The energetic cost of running can be quantified through the measurement of oxygen consumption (VO2) during running at a given submaximal speed. During aerobic activities (like submaximal running), VO2 provides an indirect estimate of energy expenditure.[8] As a result, an increase in the rate of oxygen consumption is representative of an increase in energy expenditure. VO2 is often measured in absolute terms (ex. Liters/min), but in weight bearing activities, such as running, body mass can have a profound influence on energy expenditure. As a result, it is common to express energy expenditure as the rate of oxygen consumption in relation to body mass (ex. ml/kg/min).[8]

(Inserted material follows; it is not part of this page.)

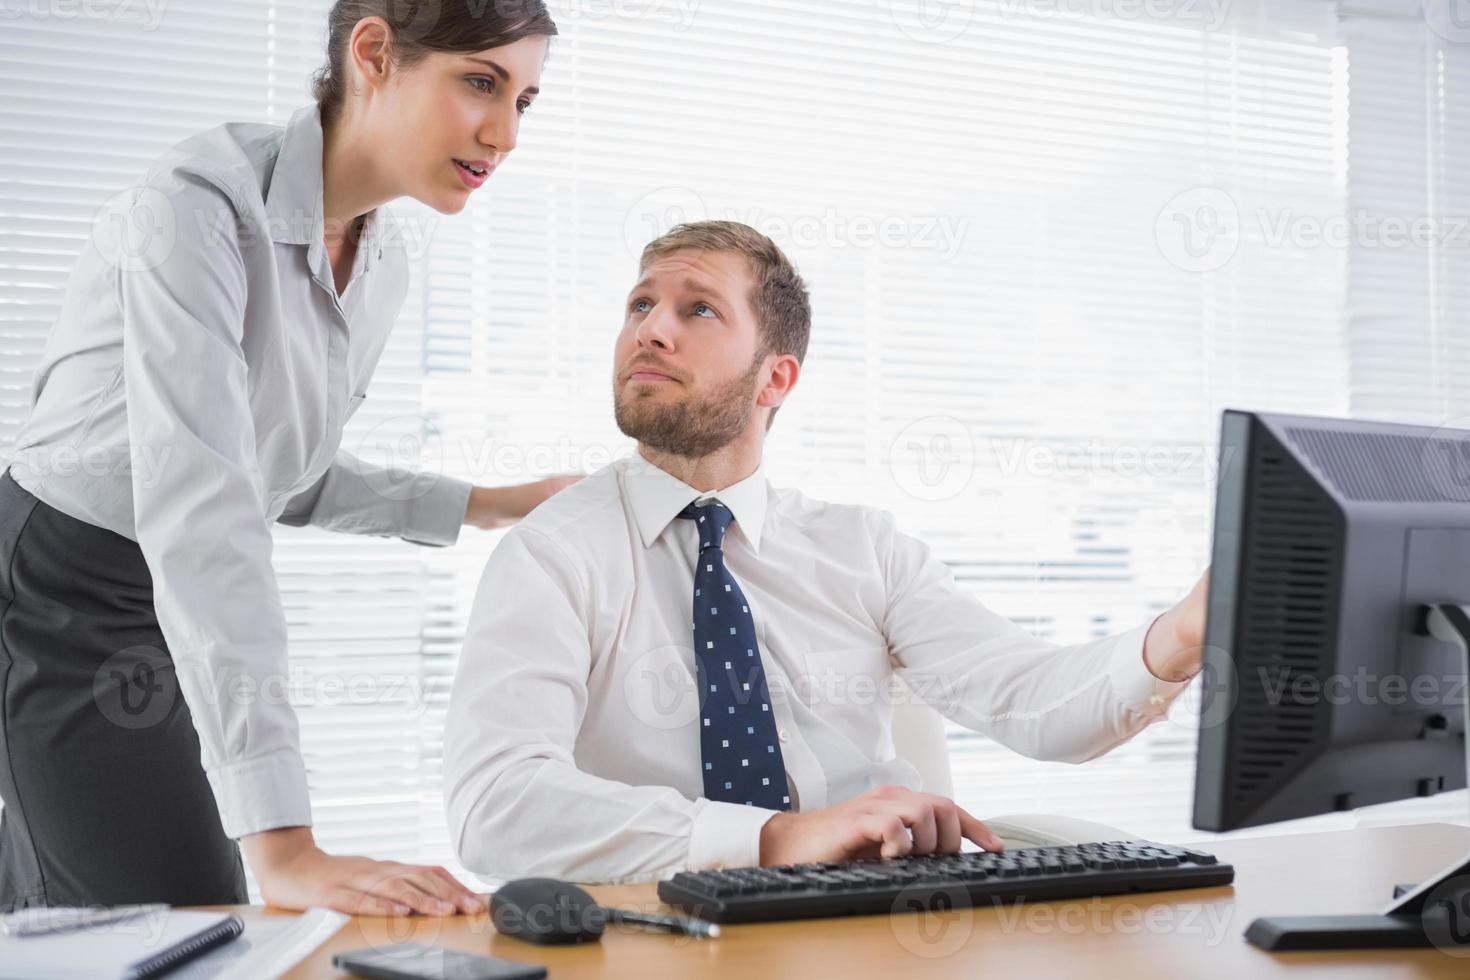 homme d'affaires montrant son collègue quelque chose sur ordinateur photo
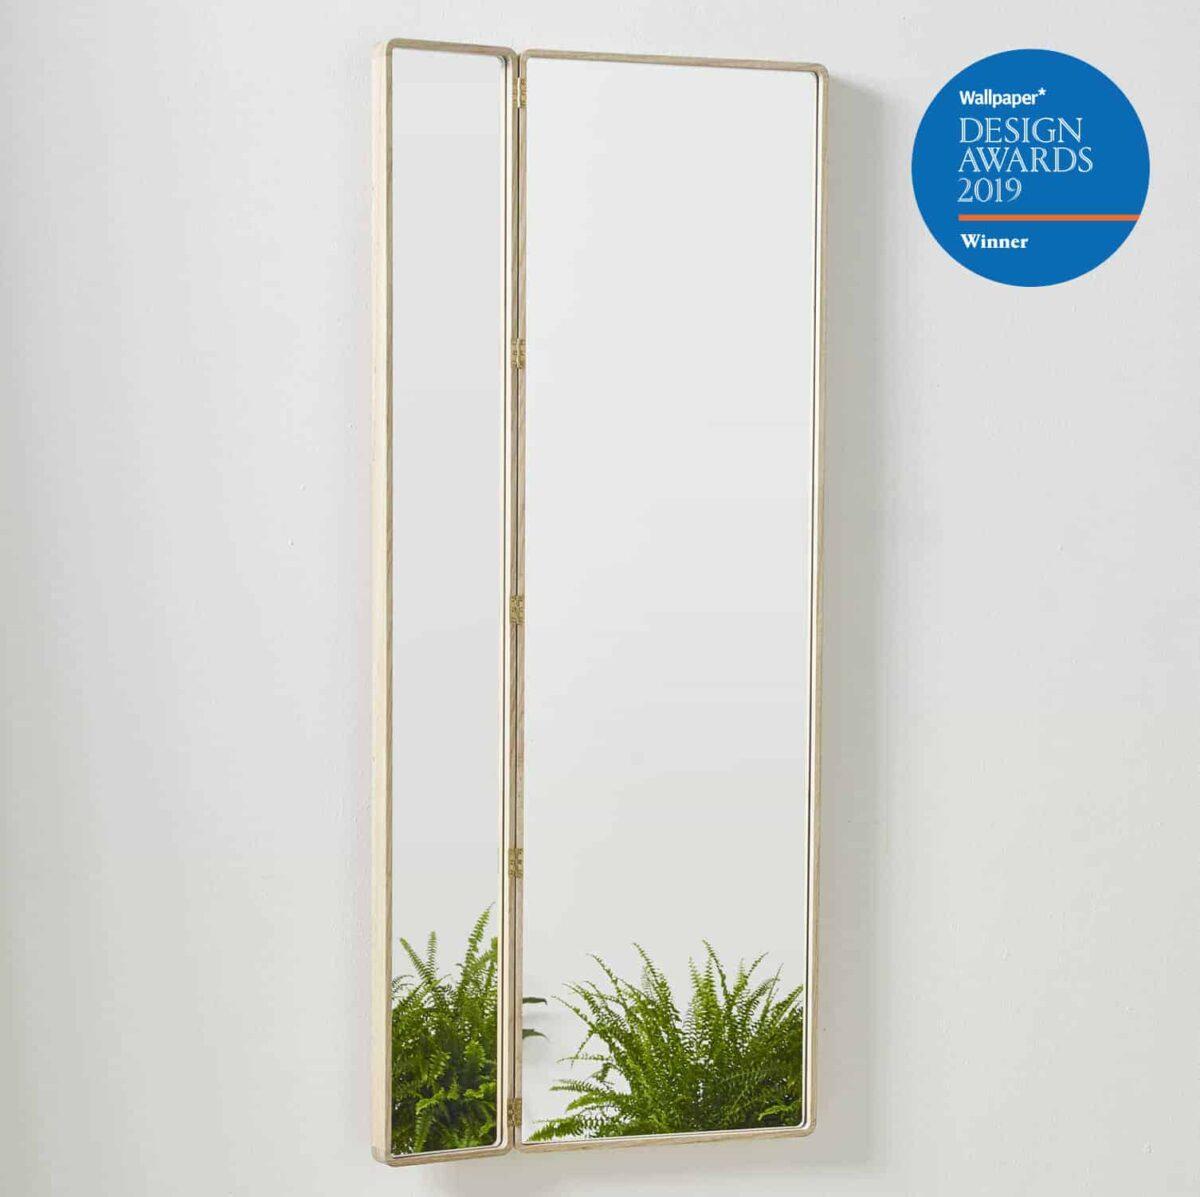 Ori_mirror_1-1_award

Though some recent data may suggest otherwise,[9] it is traditionally well accepted that a strong linear relationship exists between the rate of oxygen consumption and running speed (see figure 1), with energy expenditure increasing with increasing running speed.[1][2][3][4] It is important that the measurement of energy expenditure through oxygen consumption is obtained at submaximal intensities. As running speed is increased to very high relative intensities, VO2 measures become a less reliable measure of energy expenditure. This is due to an increased reliance on anaerobic metabolism to provide the energy to run at these fast speeds.

The energy expenditure of running can be measured using the Metabolic equivalent of task (MET), where one MET is roughly equivalent to the energy cost of sitting quietly. The following table shows the MET values of running at differing speeds.[10]

MET Speed (MPH)
6.5 4 to 4.2
7.8 4.3 to 4.8
8.5 5.0 to 5.2
9 5.5 -5.8
9.3 6-6.3
10.5 6.7
11 7
11.8 7.5
12 8
12.5 8.6
13 9
14.8 9.3 to 9.6
14.8 10
16.8 11
18.5 12
19.8 13
23 14

There are many ways to express the energy cost of running. It is common to express the energetic cost of running as the energy cost to travel a given distance. This measure is often referred to as the cost of transport (COT). COT can be expressed in many ways. Two common methods of expressing COT are as oxygen consumed over a given distance (ex. ml/kg/km) or caloric energy expenditure over a given distance (ex. kcal/kg/km).[8]

Comparative Running Energetics: Scaling of energetic cost of running

[edit]

Over the years, many factors have been examined in order to explain variation in running energy expenditure across species. Some of these factors were examined well over a century ago when Zuntz discovered in 1897 that the energetic cost of animals of similar mass to run a given distance was independent of limb number. In other words, there is no difference in the energetic cost to run a given distance as a quadruped or as a biped provided the animals are similar in body weight.[5] Since Zuntz, a large amount of evidence has suggested that the COT decreases in direct proportion to body weight, with larger animals exhibiting a lower COT than smaller animals.[6]

More recently, it has been proposed that an accurate prediction of the energy cost of running at a given speed can be made from the time available to generate force to support body weight.[11] This theory suggests that smaller animals must take shorter, quicker steps to travel a given distance than larger animals. As a result, they have shorter foot ground contact times and less time to produce force on the ground. Due to this decreased amount of time to produce force, smaller animals must rely more heavily on metabolically costly fast muscle fibers to produce force to run at a given speed. Conversely, larger animals take slower and longer steps, contributing to an increase in the amount of time the foot is in contact with the ground during running. This longer contact time allows larger animals a greater amount of time to produce force. As a result, larger animals do not recruit as many metabolically costly fast muscle fibers in order to run a given speed. All of these factors result in a greater COT in smaller animals in comparison to larger animals.[11]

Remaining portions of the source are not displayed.